▸ Source material
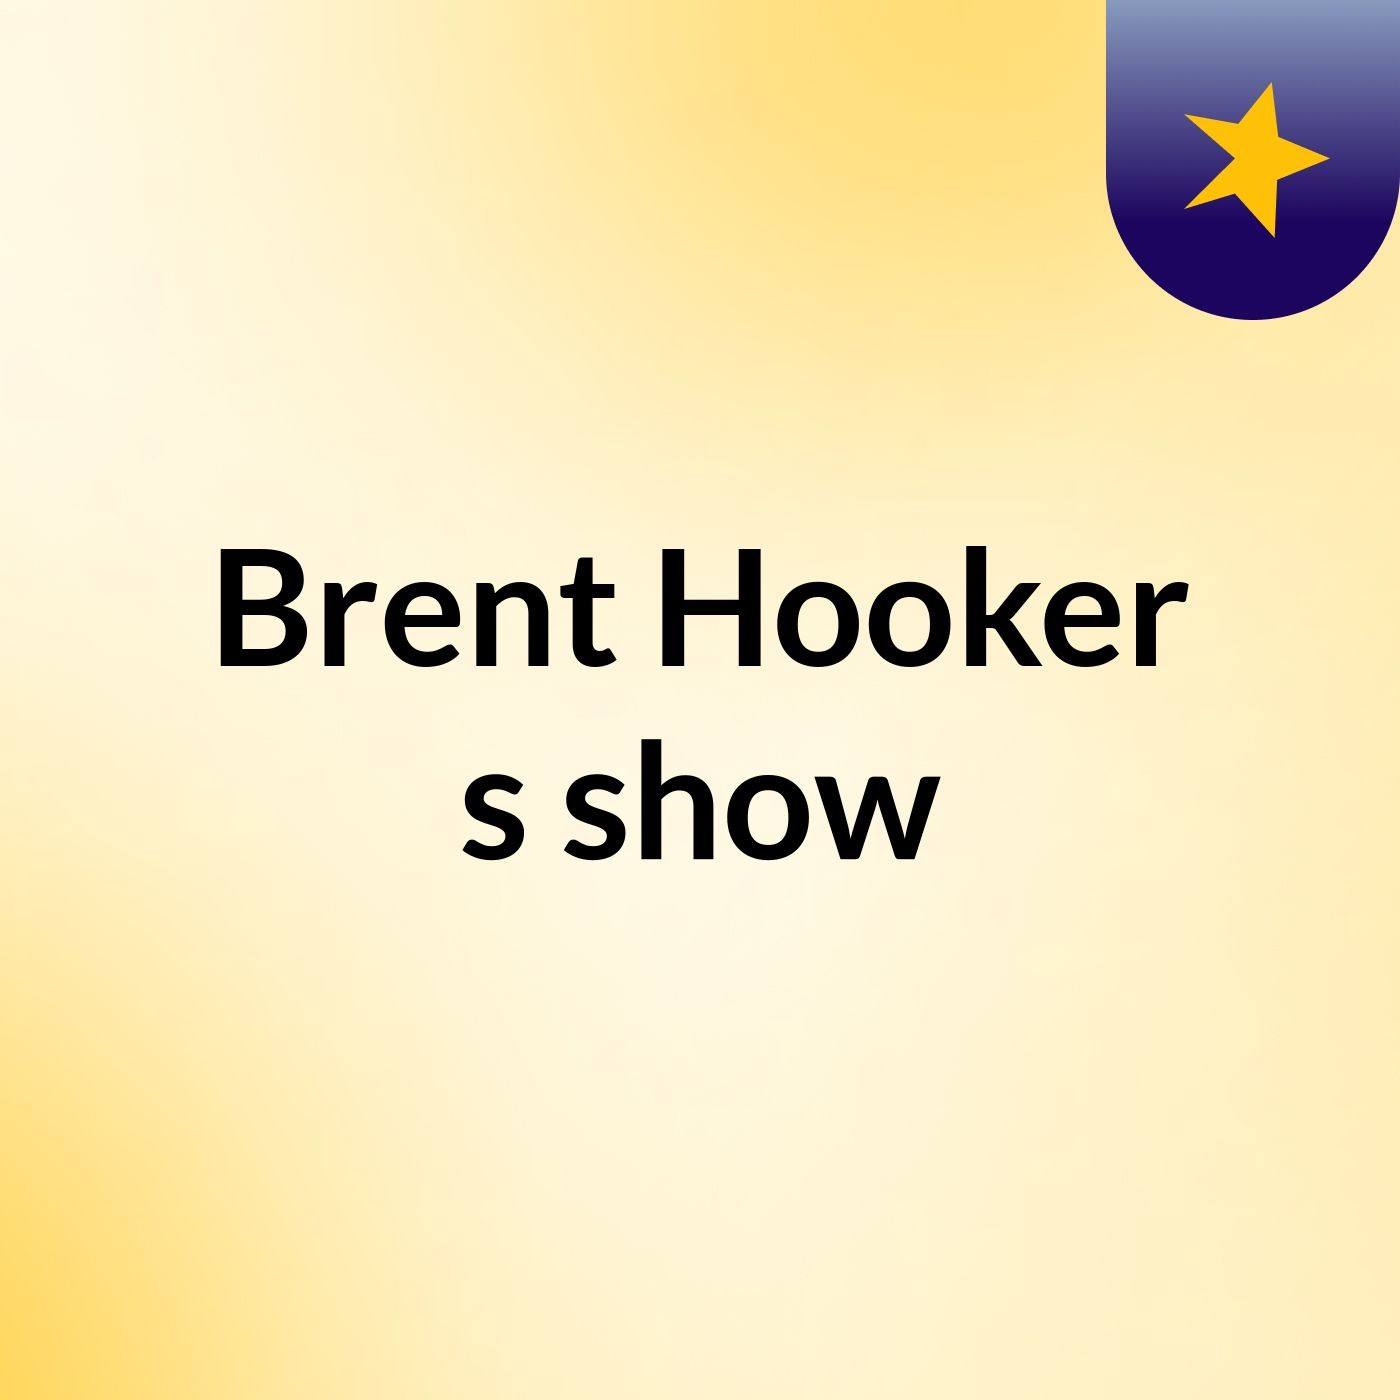 Episode 2 - Brent Hooker's show
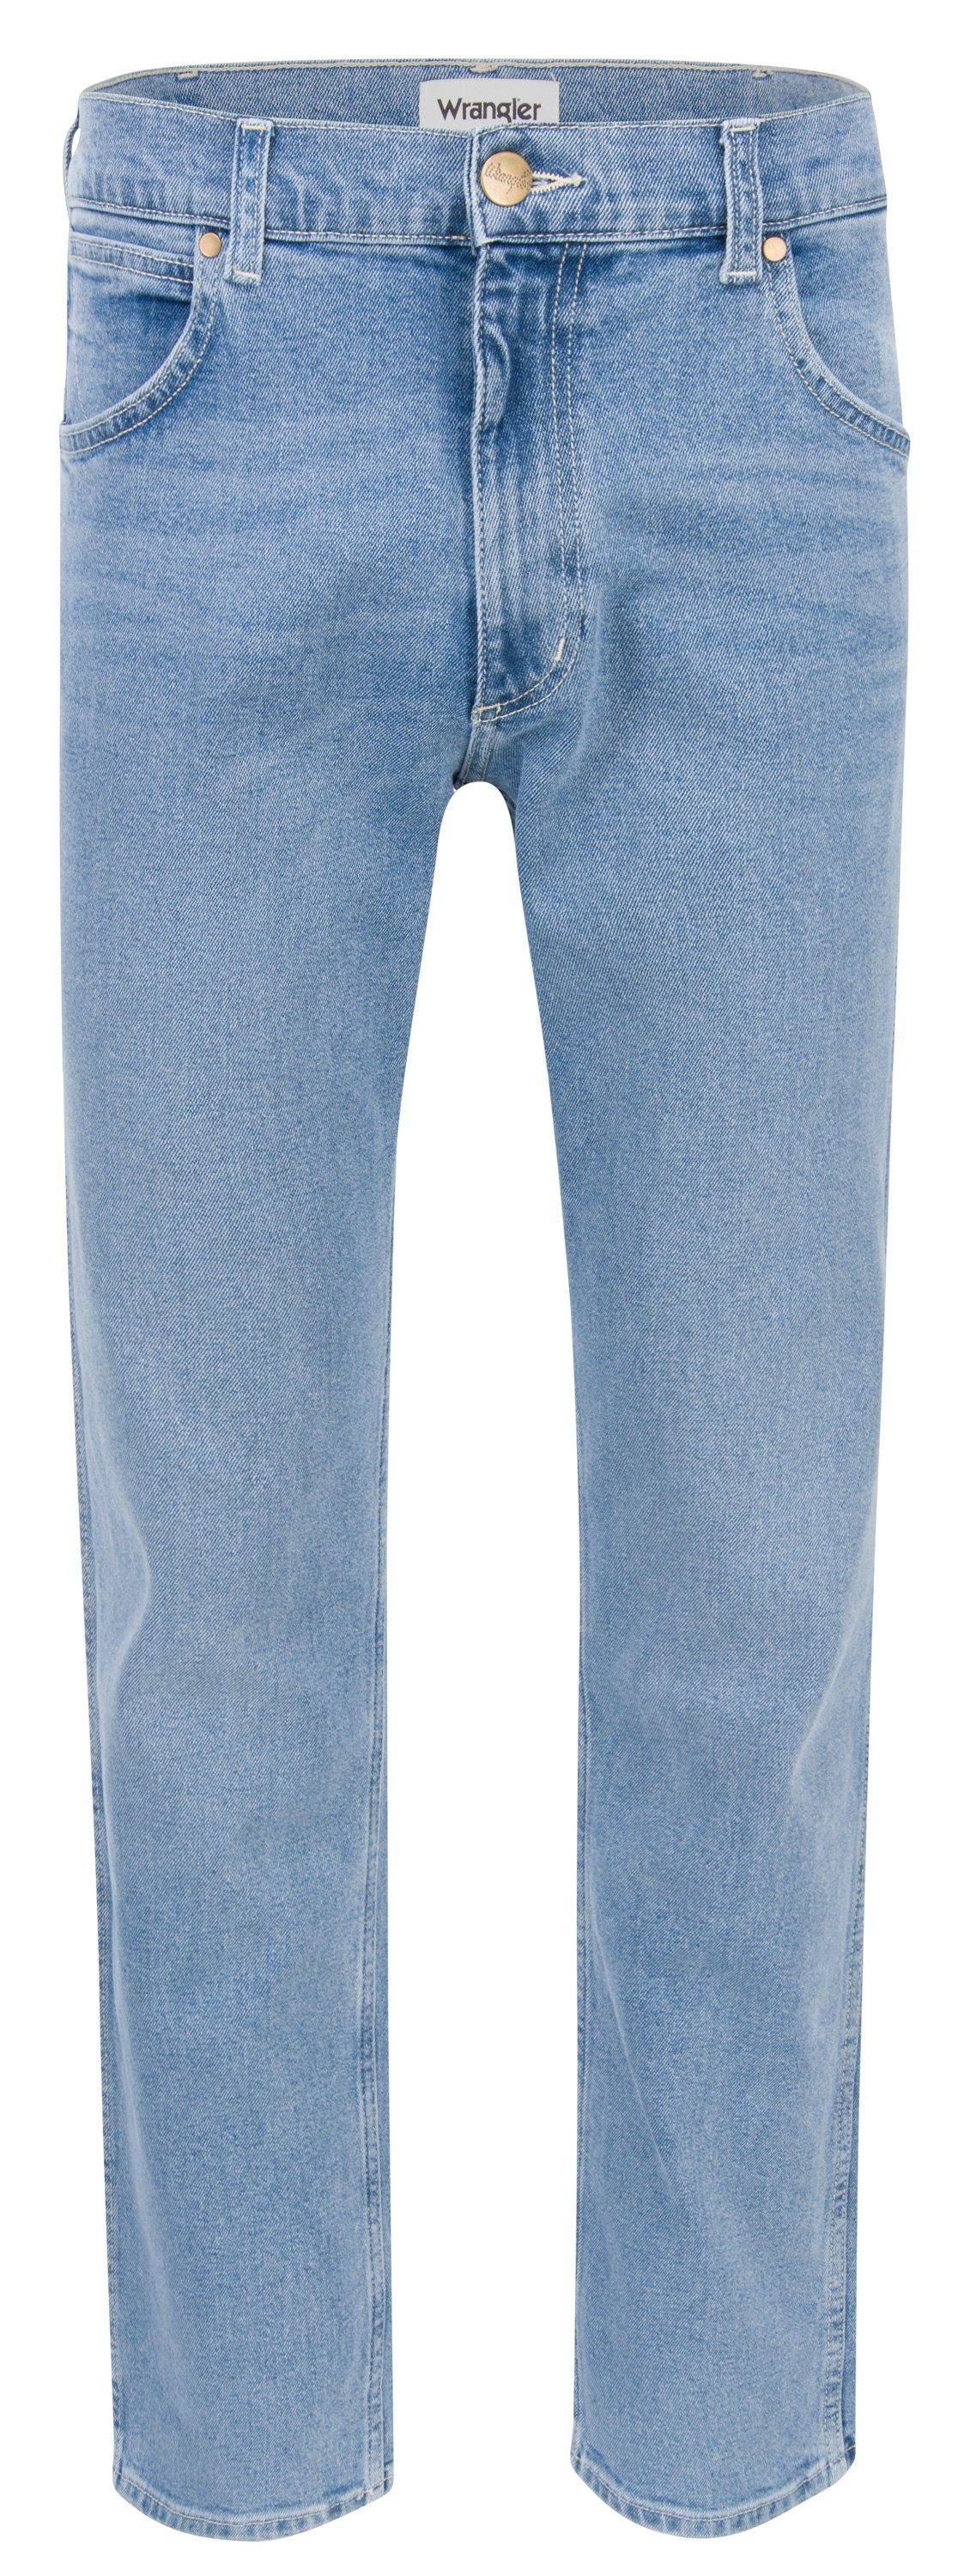 Wrangler 5-Pocket-Jeans WRANGLER GREENSBORO moonstone W15QKP63W
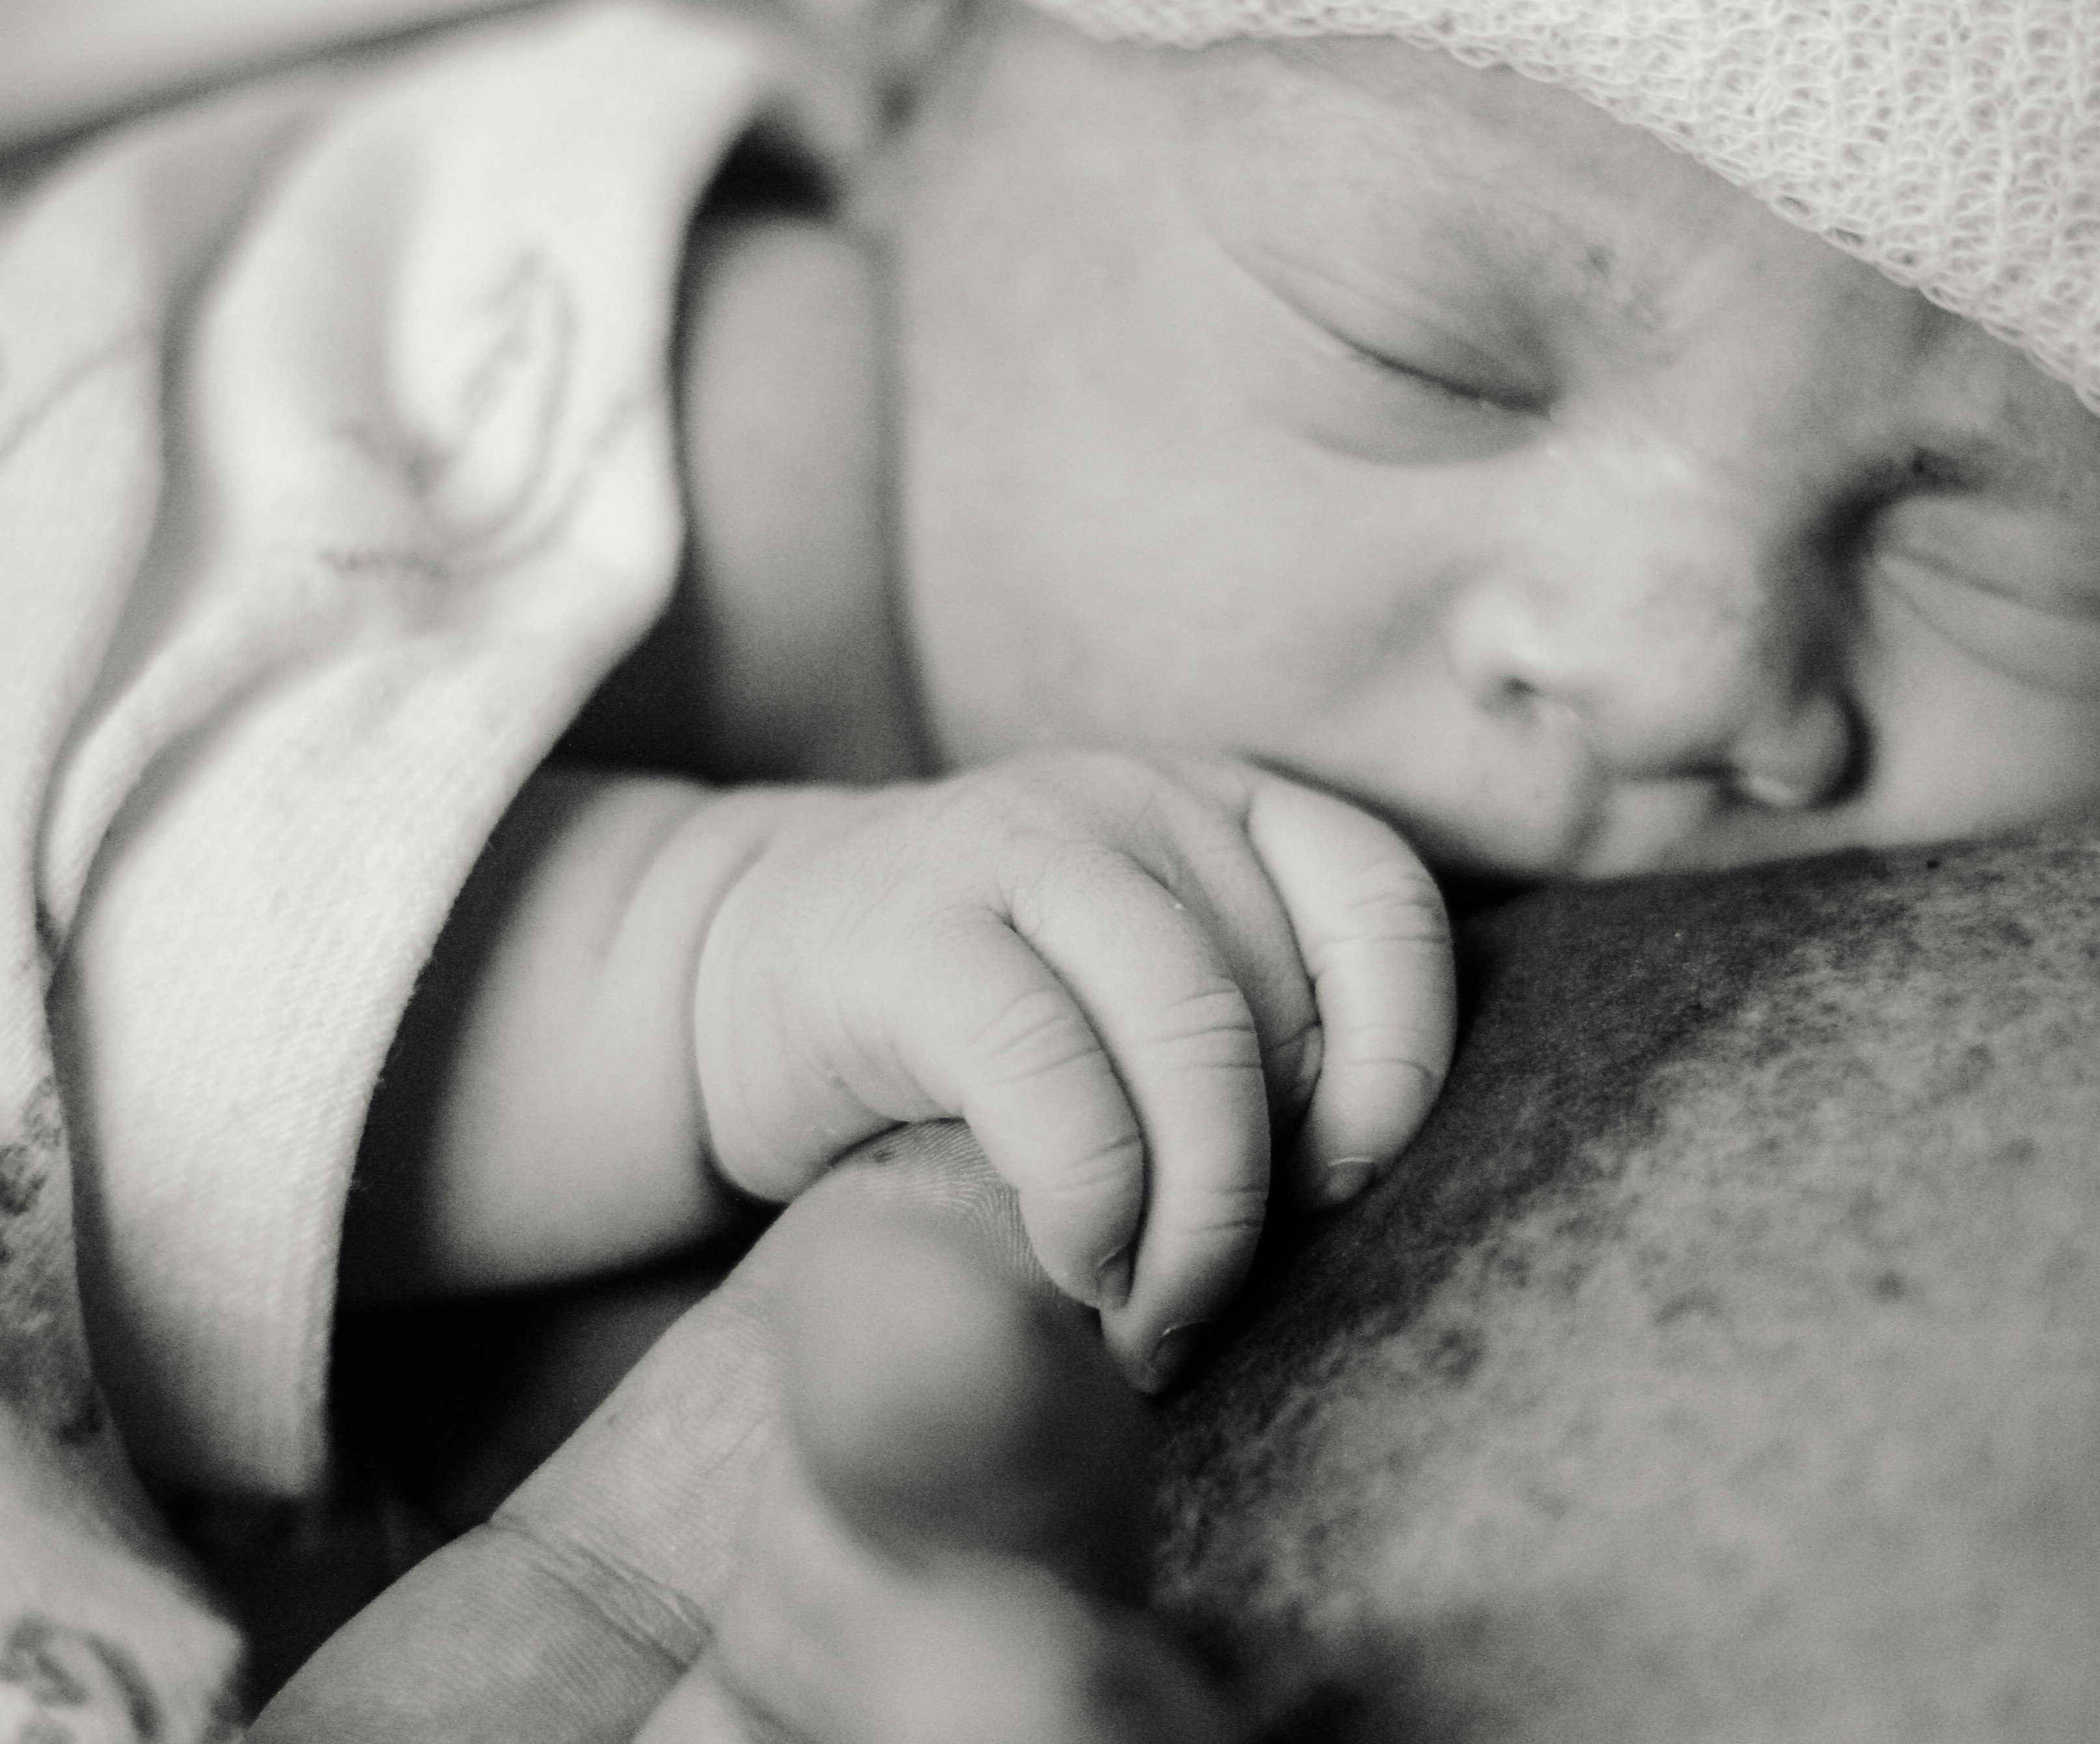 breastfeeding newborn holding parent's finger

▸ Directions
All lines from the line with "Wrangler 5-Pocket-Jeans WRANGLER" through the final line of the data, both included, are to be repeated exactly; no other lines and no pictures.

▸ Written response
 Wrangler 5-Pocket-Jeans WRANGLER GREENSBORO moonstone W15QKP63W
 breastfeeding newborn holding parent's finger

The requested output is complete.